After some time, there are four sets of agents. 1) The most patient are still saving, and hold bonds and money, and are past satiation in money (they hold "idle hoards"). 2)The slightly less patient are dissaving, and holding bonds and money. 3)The slightly less patient still are dissaving, and holding only money. 4) The least patient have stopped dissaving, and hold only money (the lower bound).

Unemployment would cause the price level to fall, if we assume flexible prices. A lower price level would help eliminate unemployment, by increasing the real value of all agents' holdings of money. The fourth group of agents would now join the third group, and would start dissaving again. (And the third group might dissave more).
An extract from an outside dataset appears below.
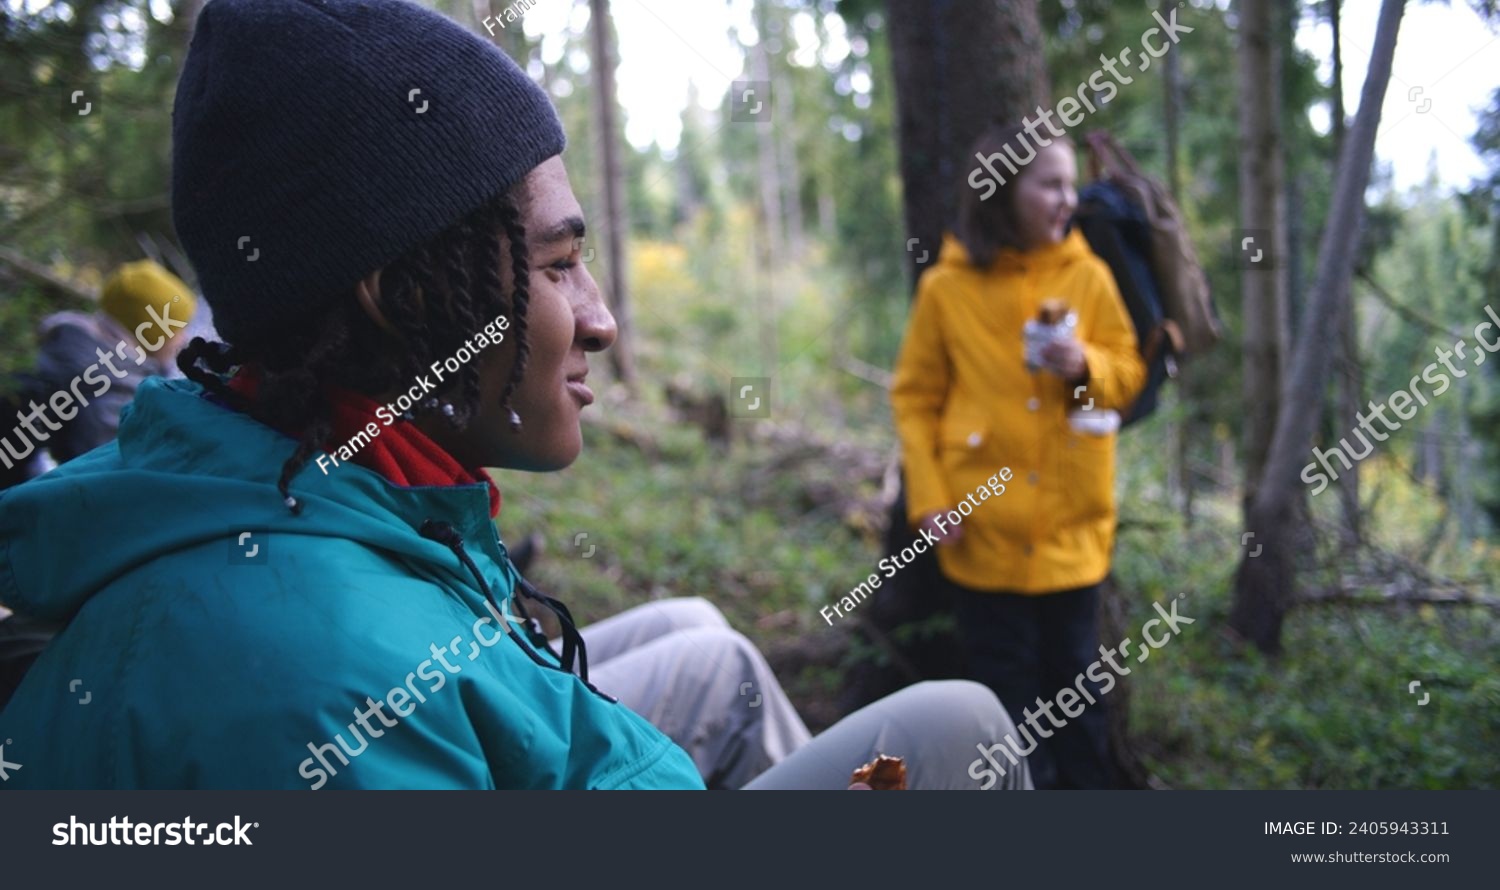 Group of travelers resting in camp after long walking trek in the mountains. Multiethnic young hikers talking, having snack in the forest during tourist trip or hike in autumn. Active leisure concept. #2405943311

This will reduce aggregate savings, and help reduce unemployment. But expected deflation would increase the real interest rate, cause an increase in savings, and increase unemployment. The second effect would dominate (assume it doesn't and you get a contradiction, which would take me too long to prove).

So let's just assume the price level stays fixed once unemployment starts to appear.

Then the central bank decides to do something about unemployment.

An open market operation will not help (I think). But a helicopter increase in the money supply will help. The fourth group of agents will start dissaving again. The third group of agents will dissave more. So aggregate savings falls.

If the helicopter can increase the supply of money by a big enough amount to get to full employment, then the price level can start to rise if extra money is added. So the policy prescription is one big helicopter drop, to get to full employment, then steadily increase the money supply over time to make inflation positive, and allow the real rate to drop below zero.

Well, the model works, sort of. But I am not happy with it. A helicopter drop of bonds could have the same initial effect, since the borrowing-constrained could sell the bonds for some of the money held in idle hoards. The bond market (and that's the only asset market) is perfectly liquid, in that bonds can be swapped for money at zero cost. Put it another way: it's the wealth effect, as much as any liquidity effect, that's doing most of the work (I think).

But, the model does show that monetary policy could work, even at zero nominal interest rates. So I'm going to post it, even though it's not really doing what I want it to do.